A massive shipwreck more than 2,000 years old was recently scoured by a team of Greek and international archaeologists looking to rescue antiquities from a by-gone age. Divers equipped with high-end technologies revealed significant evidence that many important artworks may still be awaiting discovery under the seabed.
The shipwreck in question is scattered across an underwater slope off Antikythera Island, in southern Greece, and is thought to be a Roman commercial vessel that was carrying Grecian loot. It had been accidentally discovered by sponge divers who had been blown off course by a storm in 1900.
At the time, the Grecian government recruited their navy to help haul in a spectacular number of ancient treasures including stunning bronze and marble statures, jewelry, and the mysterious "Antikythera mechanism" - the oldest known complex gear mechanism - designed by Hellenistic scientists to predict astronomical positions and eclipses.
However, that initial expedition was cut short by diving troubles, and experts have long suspected there was much more to find on the seafloor.
That's why experts returned on Sept. 15 this year, to try their hand once more at exploring the massive wreck. Covering nearly 1,000 feet of the seafloor, the researchers determined from ship parts that the wreck was 164 feet long.
"The evidence shows this is the largest ancient shipwreck ever discovered," Brendan Foley of the Woods Hole Oceanographic Institution said in a recent release. "It's the Titanic of the ancient world."
The new expedition ended just this week, on Tuesday, and led to the recovery of artifacts such as a beautiful and fully-intact jug, and a six-foot-long bronze spear that likely belonged to a giant statue - perhaps a warrior or the goddess Athena, who is often depicted with spear in hand. (Scroll to read on...)
The divers also found evidence that there is more to be found underneath the surface of the seafloor, but that will have to wait for a longer, more complex excavation.
"I don't know what there is there - perhaps more works of art or parts of the ship's equipment, but we really have to dig," Angeliki Simossi, head of Greece's underwater antiquities department, said in a statement, via The Associated Press.

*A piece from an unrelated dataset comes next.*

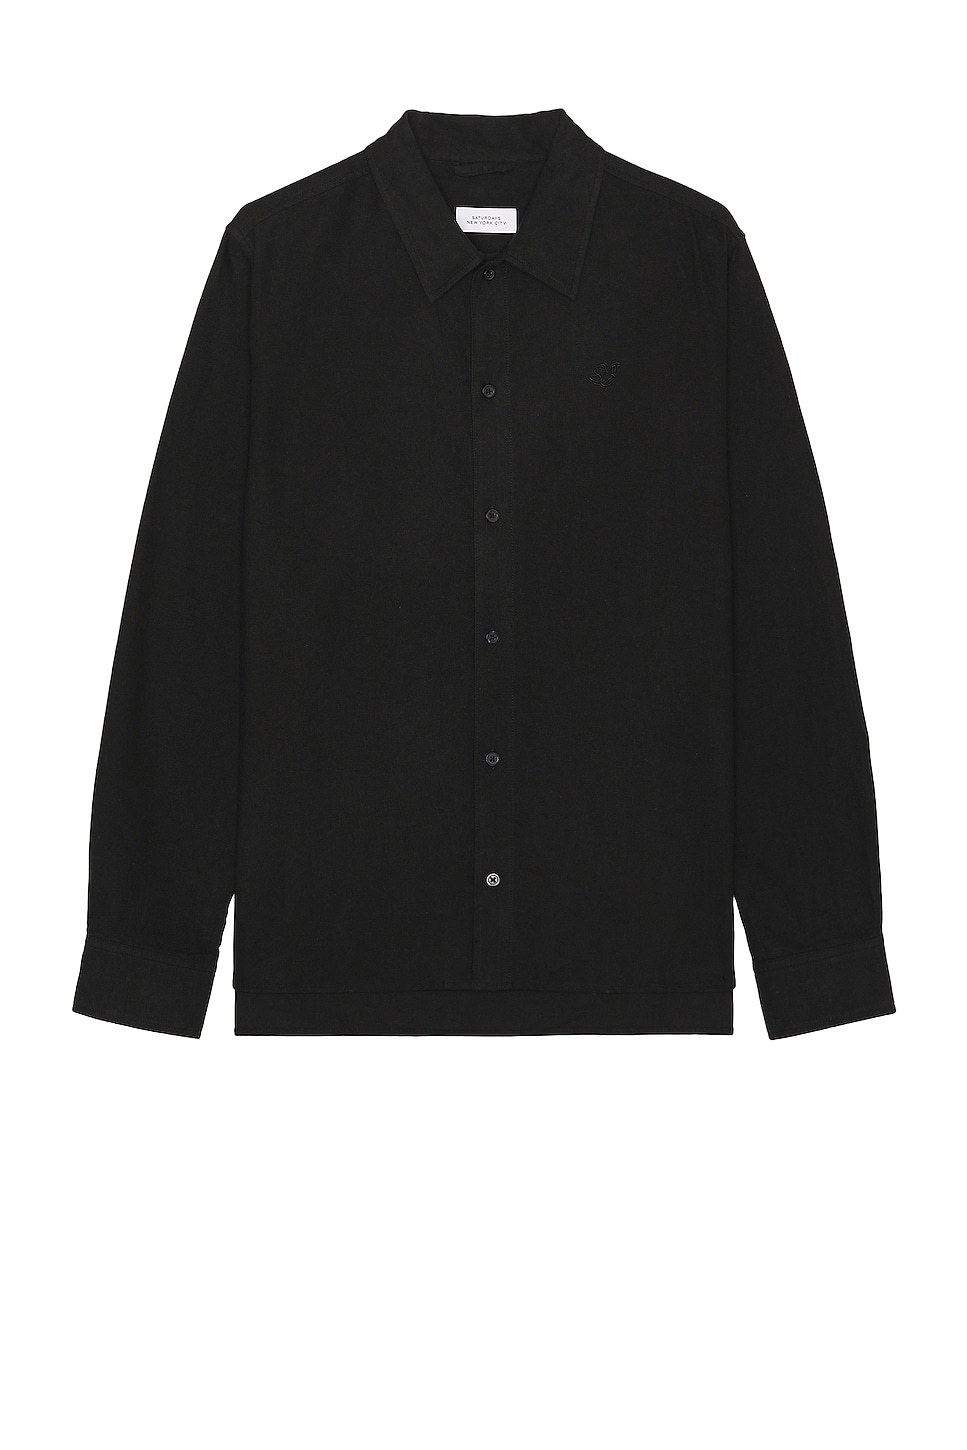 Рубашка SATURDAYS NYC Broome Flannel, черный

"There's an element of bad luck," she added, referring to the difficulties divers face in this excavation.
The 1901 excavation was reportedly put to an end after one diver died of the bends and two were paralyzed. Even now, with advanced gear, the wreck is still too deep to dive safely without cumbersome rebreather technology and even exosuits.
"Past investigations were also plagued by bad weather. It's as if the wreck doesn't want to be uncovered," Simossi said.
Still, this hasn't stopped the team. They plan to return with adequate digging and diving equipment next spring, when weather should be ideal.